The First Noble Truth is that we are bound to meet with trouble, pain and disappointment in life. The Buddha specifically spoke of the sufferings resulting from major changes such as birth, old age, sickness and death, as well as the suffering that comes from loss, frustrated desires, unwanted situations and the basic changing nature of life. The truth of suffering teaches us to recognize these facts courageously.

The Second Noble Truth is that suffering arises when we refuse to recognize the reality of life and attempt to make reality conform to our desires. This truth is often expressed as “the cause of suffering.” This craving is the result of the unrealistic expectation that life should be a source of perpetual happiness.

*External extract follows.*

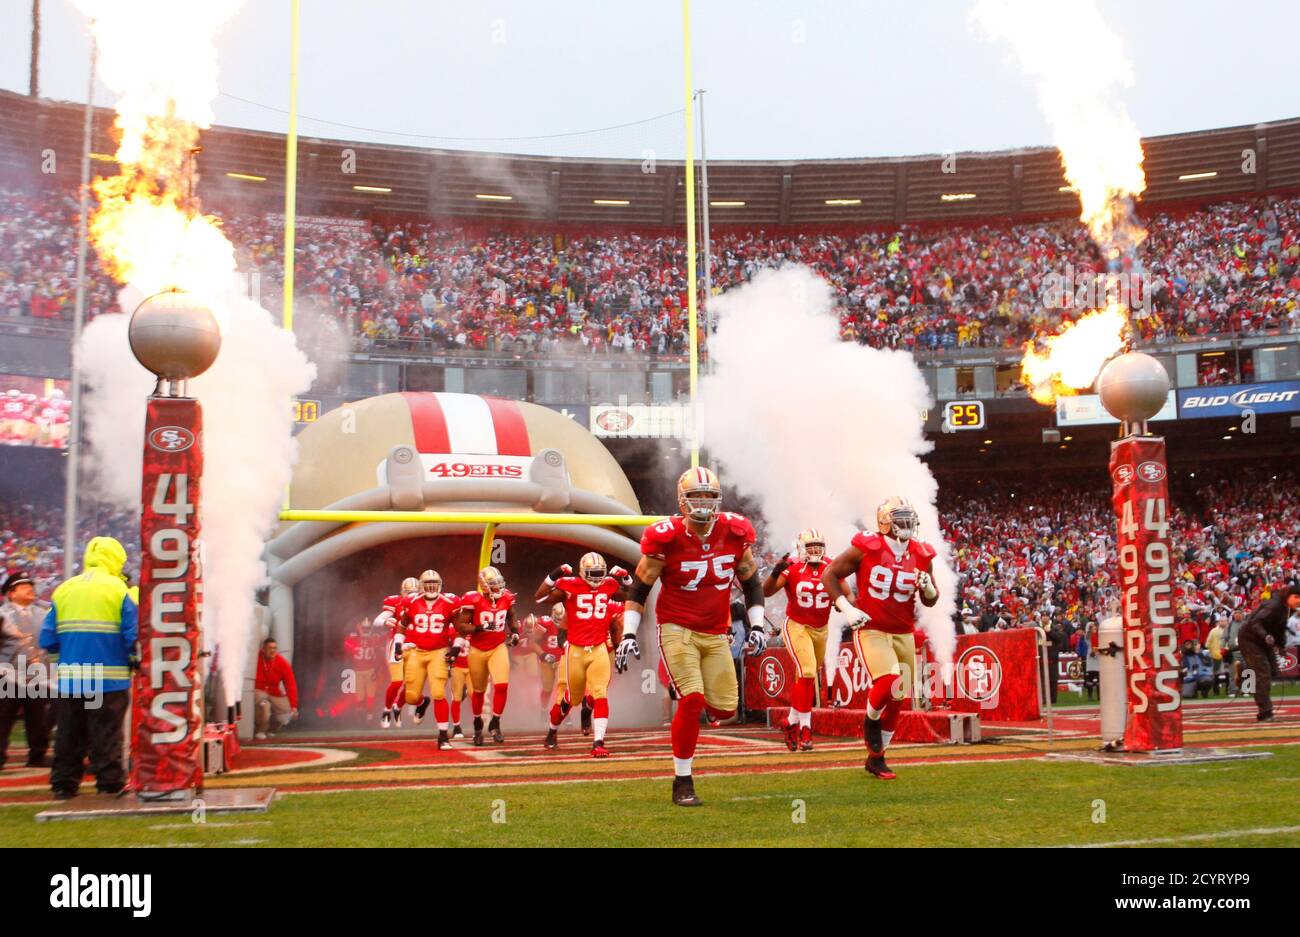 Les 49ers de San Francisco entrent sur le terrain avant le match du championnat NFL NFC contre les New York Giants à San Francisco, Californie, le 22 janvier 2012. REUTERS/Mike Blake (ETATS-UNIS - Tags: FOOTBALL SPORTIF) Banque D'Images

External circumstances can indeed bring about uncomfortable or tragic experiences. It is our internal craving, which turns pain, whether physical, emotional or spiritual, into suffering. The Buddha tells us that pain and discomfort exist in everyone’s life, but suffering is optional.

The Third Noble Truth teaches that relief from suffering is liberation from the vicious cycle of craving; this liberation is Nirvana. Nirvana is not some otherworldly realm of bliss, and it is not a nihilistic destruction of thought or being. It actually means to extinguish. When we extinguish the flames of selfish craving, we can experience true peace of mind. Though we may face painful events in our lives, we will not suffer. Through our practice, we can reach the point where we can face any situation, both pleasant and painful, with hearts that are loving, compassionate, joyful, and at peace.

The Fourth Noble Truth is the way to eliminate suffering; the path we must follow in order to stop clinging and free ourselves from suffering. It is the Middle Way between self-indulgence and self-denial, which is also called the Eightfold Path.